For each year of inventory there is 8 data files. The file need to be merged over all years. There is however some discrepancy in the variables and coding that need to be deal with. This code provides the merging for the **Tree** data, the **Plot** data, the **Ecological** data, the **Dead tree** data.
The data need to be in a folder *data* with a subfolder for each year (2008, 2006, ... 2013).
# READ, MERGE AND CLEAN ALL TREE DATA NEW METHODS
Read the data for each year, homogenize and save.

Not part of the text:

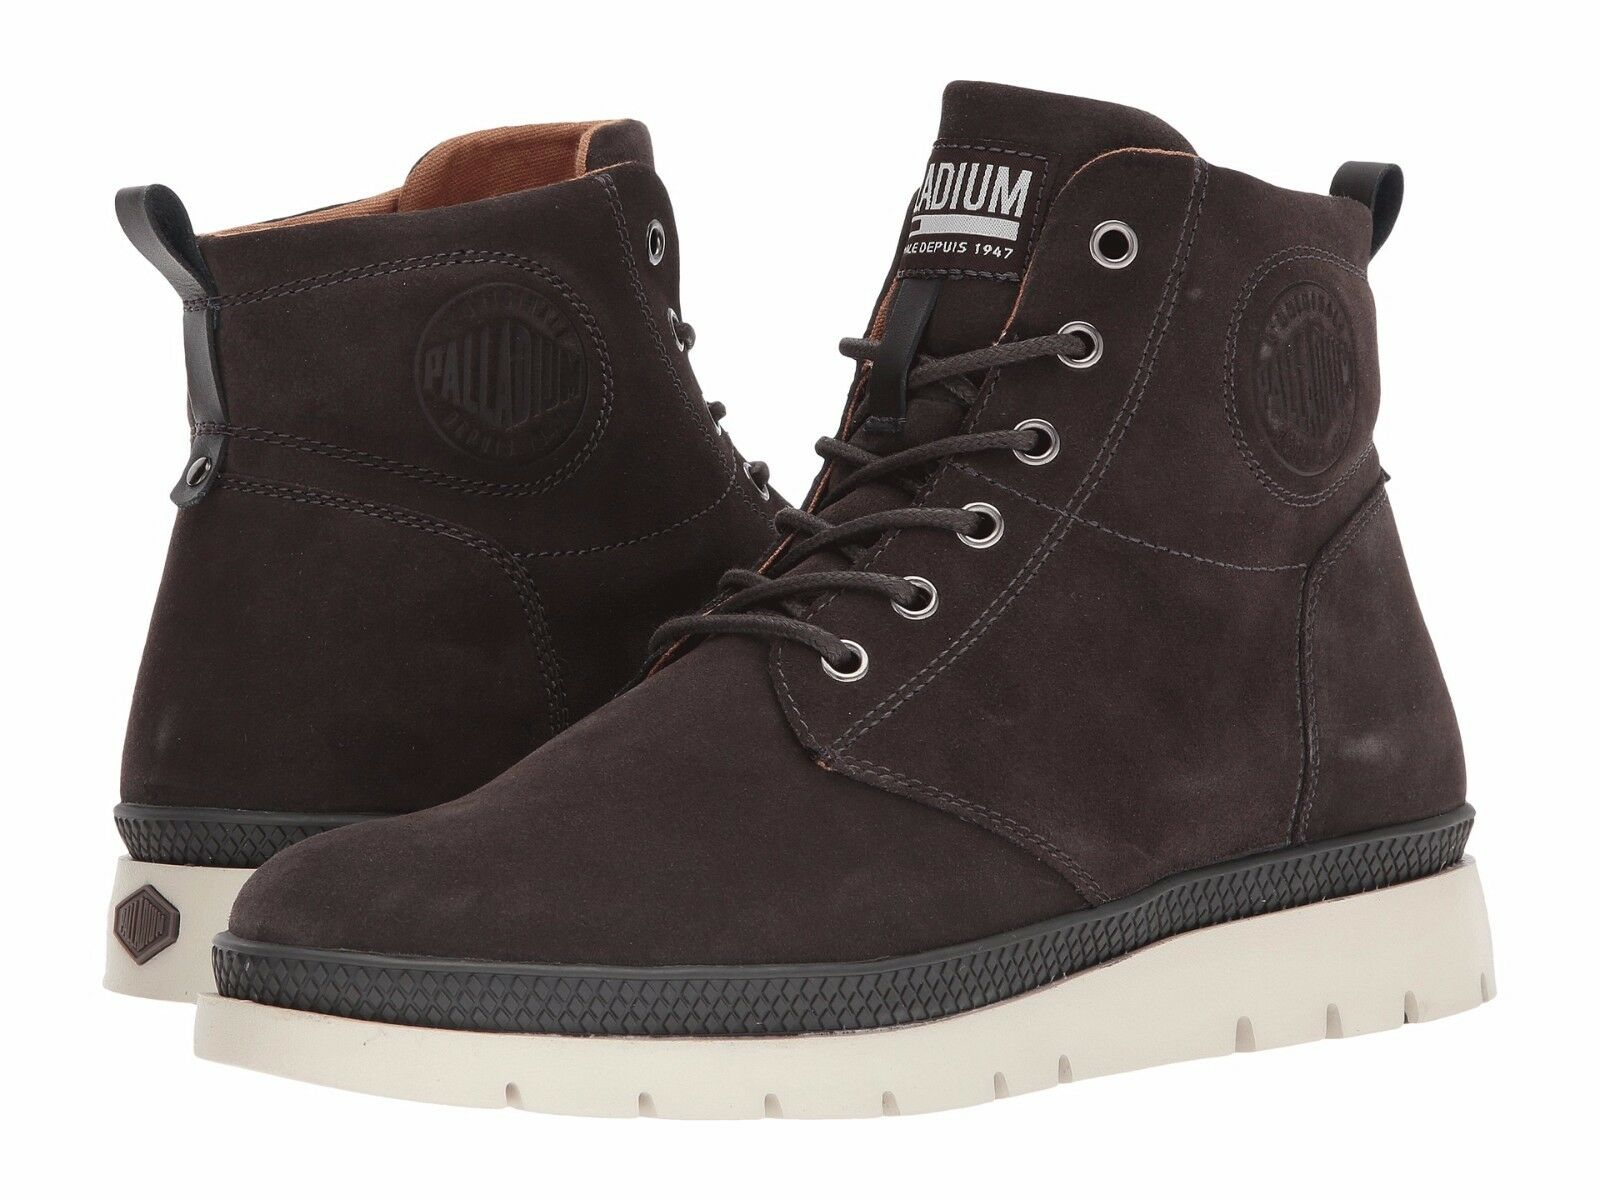 Palladium Men's Pallasider Mid Suede White Sole Casual Boots Brown Sizes 8.5-13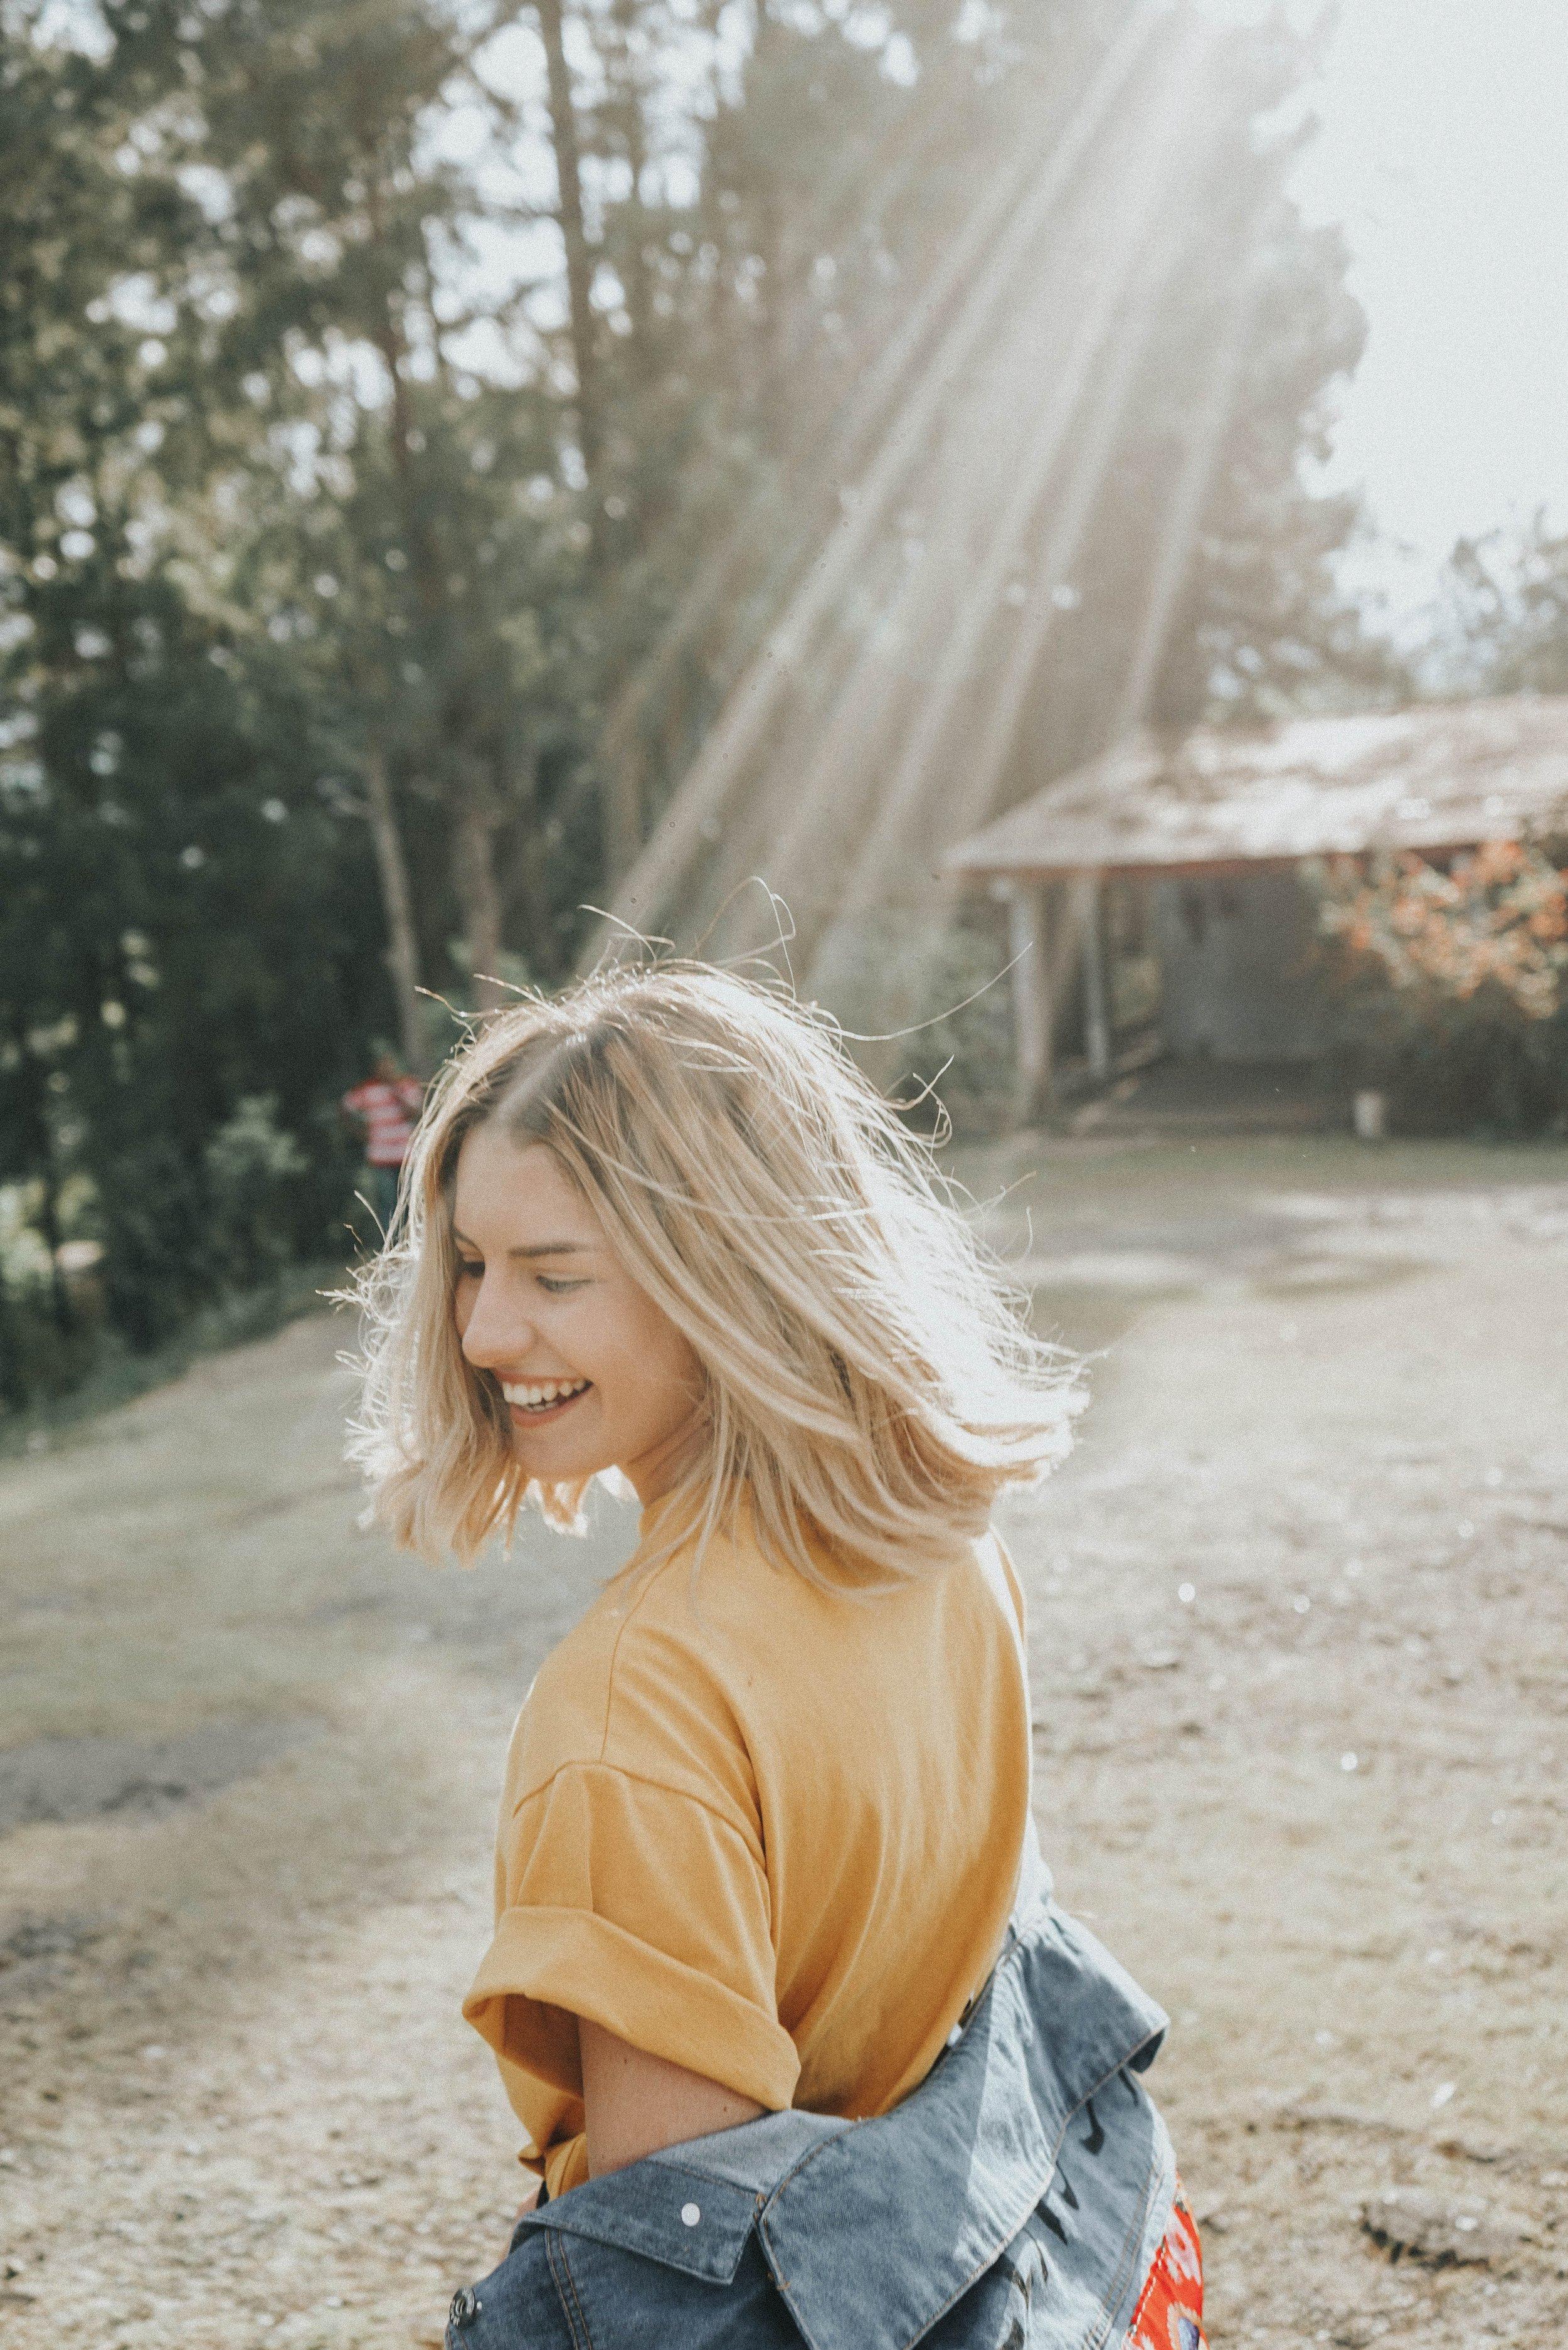 hope+wellness mclean top psychologist victoria smith 2.jpg

```{r Read tree data, message=FALSE}
data.tree <- read_tree()
save(data.tree,file=file.path(output.dir, "data.tree.Rdata"))
```
# READ, MERGE AND CLEAN ALL SPECIES COVER DATA NEW METHODS
Read the data for each year, homogenize and save.
```{r Read tree data, message=FALSE}
data.couv <- read_couv()
save(data.couv,file=file.path(output.dir, "data.couv.Rdata"))
```
# READ, MERGE AND CLEAN ALL DEAD TREE DATA NEW METHODS
Read the dead tree data for each year, homogenize and save.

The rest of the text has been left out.